Most of the research conducted under the auspices of the SCOPE programme attracted no more than academic interest. It was not until researchers were able to demonstrate that invasions would have significant economic impacts on water resources that the issue went beyond academic debate and into the realms of action. Even then, it took a radical change of government to initiate the implementation of invasive plant clearing programmes. The idea that invasive alien trees could have negative impacts on streamflow (in much the same way as commercial forestry did) was first raised in 1977 by Kruger.⁶⁴ It was raised again during the SCOPE synthesis,⁶⁵ and at the conclusion of the Fynbos Biome project.^30,66 This led to small funding grants for more research to quantify the impacts more clearly.

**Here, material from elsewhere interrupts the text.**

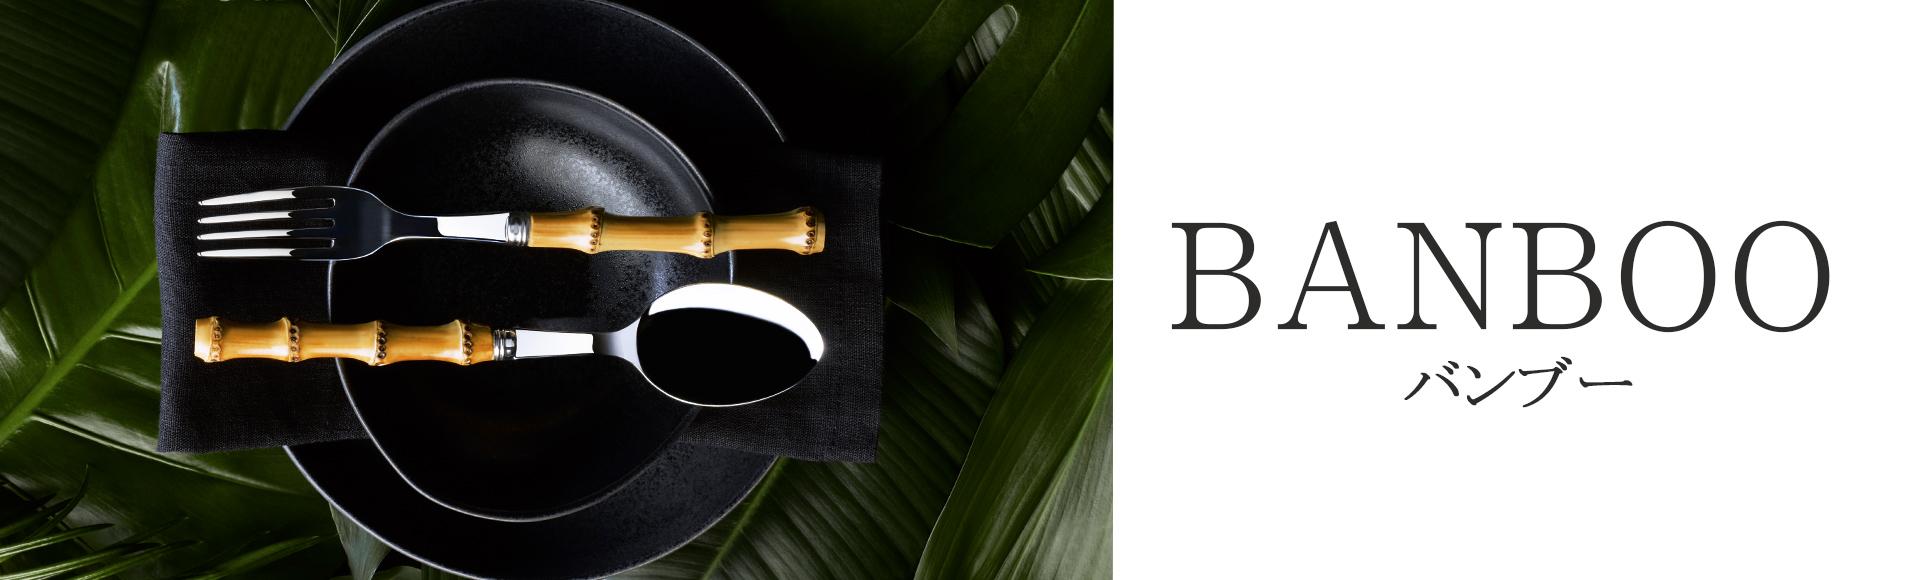 フランスのカトラリーブランドSABREの、流れるようなムダのないフォルムの金属部分と、竹の柄の自然なシルエットの組み合わせがナチュラルで使いやすいバンブーシリーズ。

The first such attempt to estimate the impacts of invasive alien trees on water resources came about in 1996, when a spatially explicit model was developed.⁶⁷ The model simulated five important processes: the occurrence of fire; the spread and establishment of alien plants after fire; rainfall to runoff ratios; growth and changes in biomass between fires; and effects of these changes on streamflow. The estimations of streamflow reductions due to invasive alien plant infestations make use of an 'age-biomass-streamflow reduction model'. This model allows biomass to be estimated separately for tall trees, medium trees and tall shrubs. Streamflow reduction is driven by this estimated biomass and distinguishes between riparian and non-riparian streamflow reduction conditions. The simulations predicted that the cover of alien plants would increase from an initial estimate of 2.4% to 62.4% over 100 years, decreasing streamflow from the catchment by 347 m³ per hectare (equivalent to 30% of the annual water supply to the city of Cape Town). Based on this work, the costs of 'generating' water from catchments where alien plants were either controlled, or not, were estimated.⁶⁸ Despite higher costs overall, when alien plant management projects were implemented, the costs per unit of water 'produced' would be lower when such projects were in place. Another study⁶⁹ suggested that investing in the management of alien species in the catchments of existing dams would be more cost effective than constructing new dams, while simultaneously allowing the catchments of existing dams to become invaded. It also showed that an early investment in alien plant control programmes would pay off, rather than leaving them for control at a later date.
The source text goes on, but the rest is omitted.